Email and why it’ll never disappear

By Matt Cornock

Like an old faithful dog, email still persists as one of the fundamental communication methods online. But is it’s time limited? The attempts to create what is effectively a microcosm of the internet with Facebook (as one blog depicted rather well in 2011), would suggest that Facebook messaging should have surpassed the need for email by now. However, the reality is that internet users are still using a variety of communication methods. In this post I’ll share some musings on this issue.

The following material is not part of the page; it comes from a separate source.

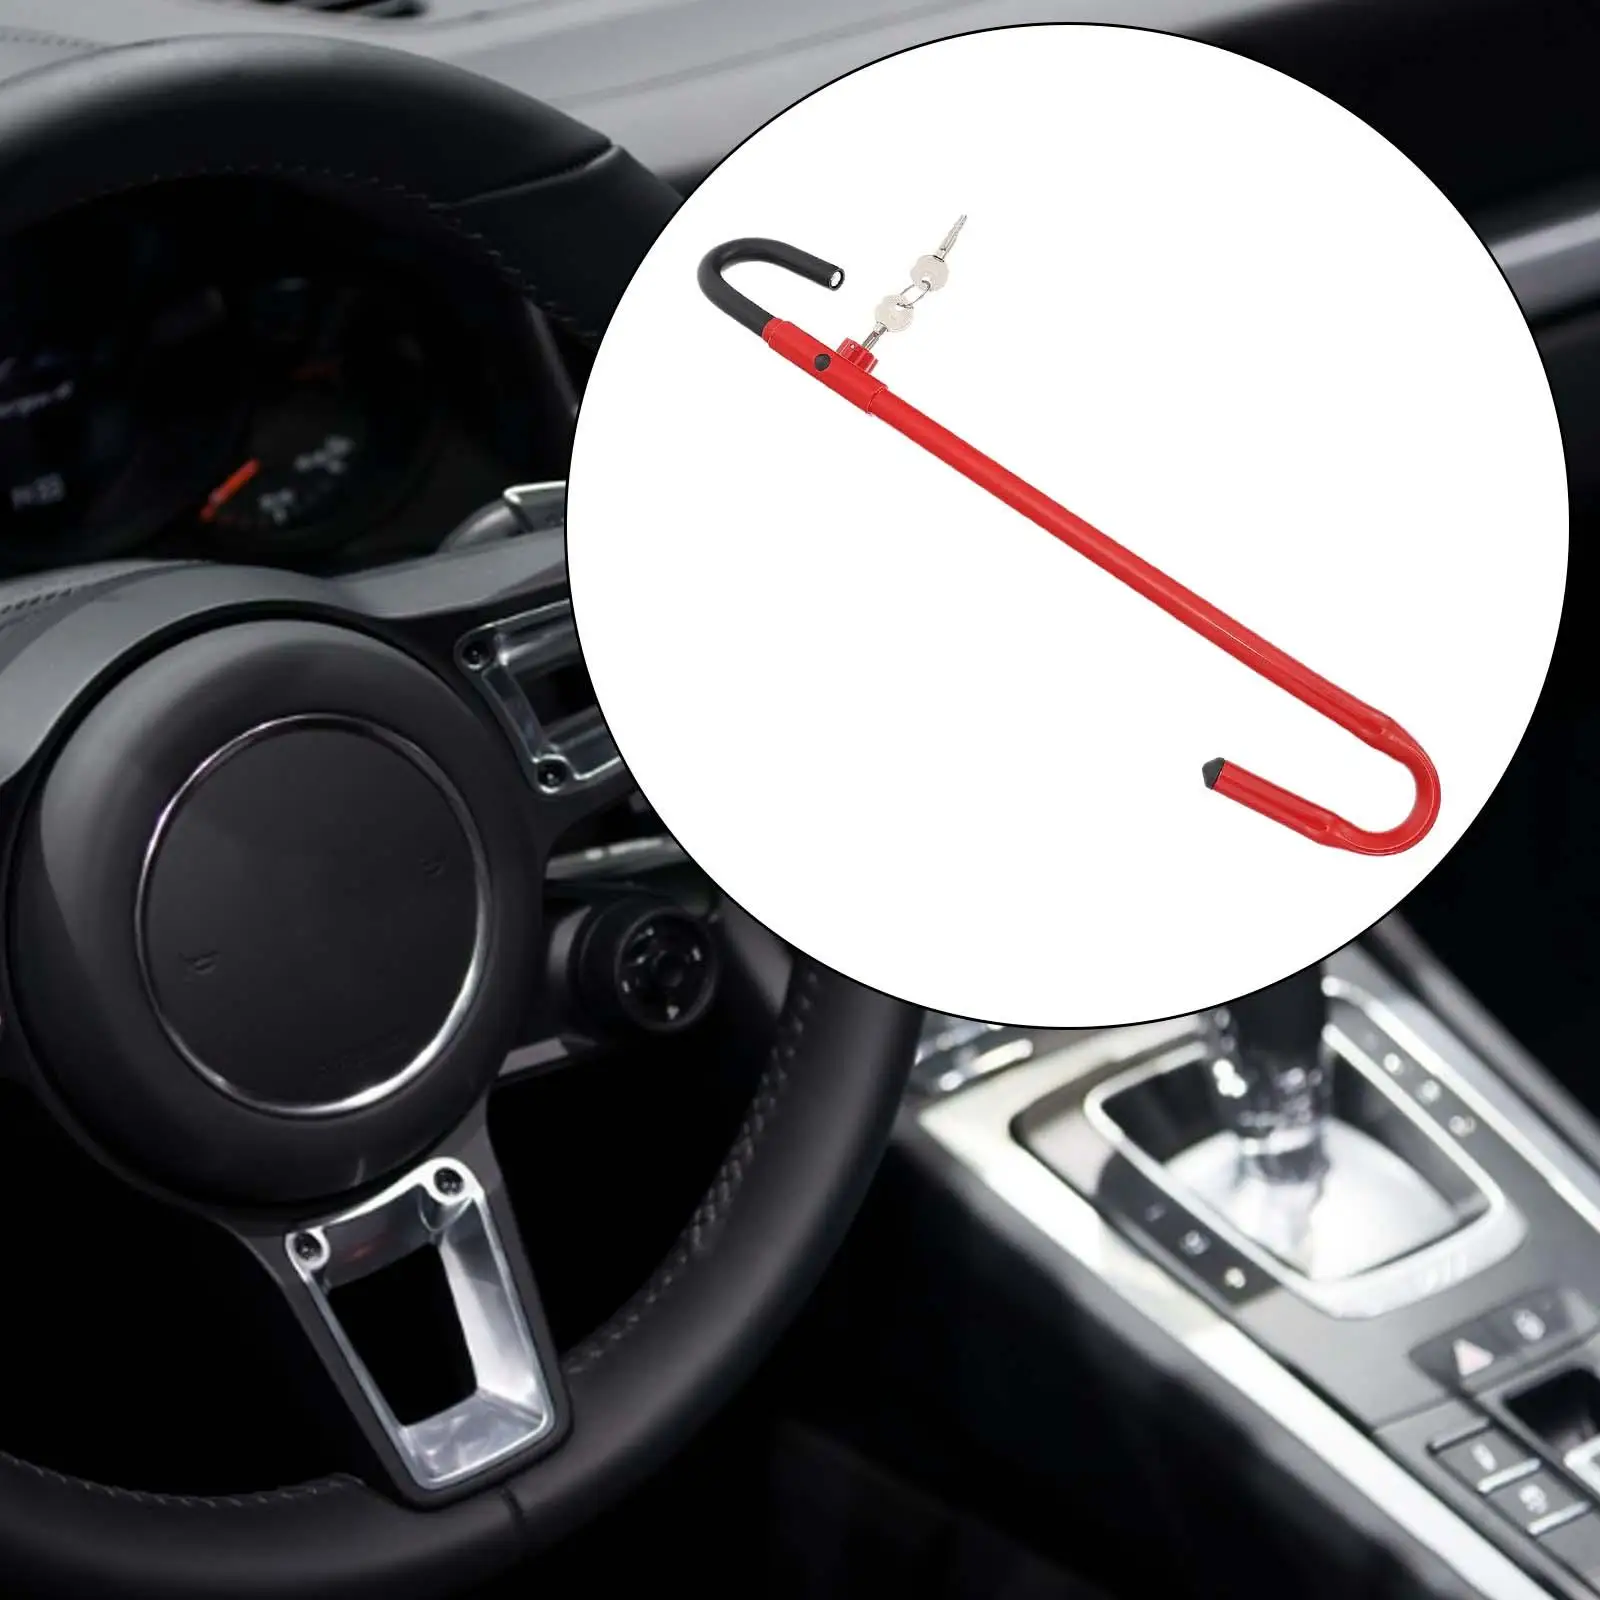 Car Steering Wheel Lock Security Brake Pedal Lock for Automobile Trucks

Email exists for the wafflers

Some of my email recipients will testify that I do waffle on a bit. I hope they see it as a delightful, if somewhat meandering read, but email was designed for text. Lots of it. Email comes with formatting, structure, spell-check(!), the ability to search the text quickly, sort into folders/labels, BCC, and so much more. Could you imagine trying to convey detailed, methodical instructions via Windows Live Messenger or Facebook? Or keeping an archive of sensitive, world-domination discussions? And, let’s not forget spam filtering.

Email’s functionality and its perceived (if sometimes misplaced) sense of security sets it apart from in-site communication methods like Facebook messages, VLE-based tools or instant messaging. It’s a separate entity, not plagued by privacy settings or limited by how many characters the scripting system can cope with. Email is essentially the digital letter, as opposed to the telephone line or shouting down the street.

With smart phones having dependable, quick-to-use email clients, email has also confidently made steps into mobile communication in a way that wasn’t originally envisaged. Possibly email is rivalling text message for non-social mobile communication. Whist it is clear that most people will still tend to use a full size keyboard for any substantial email message, mobile email has softened the formality that used to exist with the medium. It is common now to see business emails with little regard for the letter-based salutations and sign-offs of less than ten years ago, instead replaced with a disregard for sentence casing and a trailing ‘Sent from my iPhone’. 

Essentially though, email allows you to pick and choose what platform you use, what service provider you choose and your own management system. Email is a very personal thing – different from the templated, format-stripped, uniformity of in-site messaging systems.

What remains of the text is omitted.